Kyleyee/CPO_hh-seed5
Kyleyee/CPO_hh-seed5 is a 1.5 billion parameter causal language model fine-tuned by Kyleyee. It is based on Kyleyee/Qwen2.5-1.5B-sft-hh-3e and further trained using Contrastive Preference Optimization (CPO) on a helpfulness preference dataset. This model is optimized for generating helpful and aligned responses, leveraging its 32K context length for nuanced interactions.
Loading preview...
Overview
Kyleyee/CPO_hh-seed5 is a 1.5 billion parameter language model developed by Kyleyee. It is a fine-tuned iteration of the Kyleyee/Qwen2.5-1.5B-sft-hh-3e base model, specifically enhanced through a training process known as Contrastive Preference Optimization (CPO). This method, detailed in the paper "Contrastive Preference Optimization: Pushing the Boundaries of LLM Performance in Machine Translation," aims to improve the model's ability to generate preferred responses.
Key Capabilities
- Preference-Optimized Responses: Trained with CPO on a helpfulness preference dataset, indicating an optimization for generating more aligned and helpful outputs.

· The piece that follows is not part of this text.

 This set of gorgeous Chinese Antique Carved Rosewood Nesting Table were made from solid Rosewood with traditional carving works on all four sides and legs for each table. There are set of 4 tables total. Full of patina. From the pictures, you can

- Foundation Model: Built upon the Qwen2.5-1.5B architecture, providing a solid base for general language understanding and generation tasks.
- Extended Context Window: Features a context length of 32,768 tokens, allowing for processing and generating longer, more complex interactions.
Training Details
The model was trained using the TRL (Transformer Reinforcement Learning) library, leveraging the Kyleyee/train_data_Helpful_drdpo_preference dataset. This specific training approach focuses on aligning the model's outputs with human preferences for helpfulness.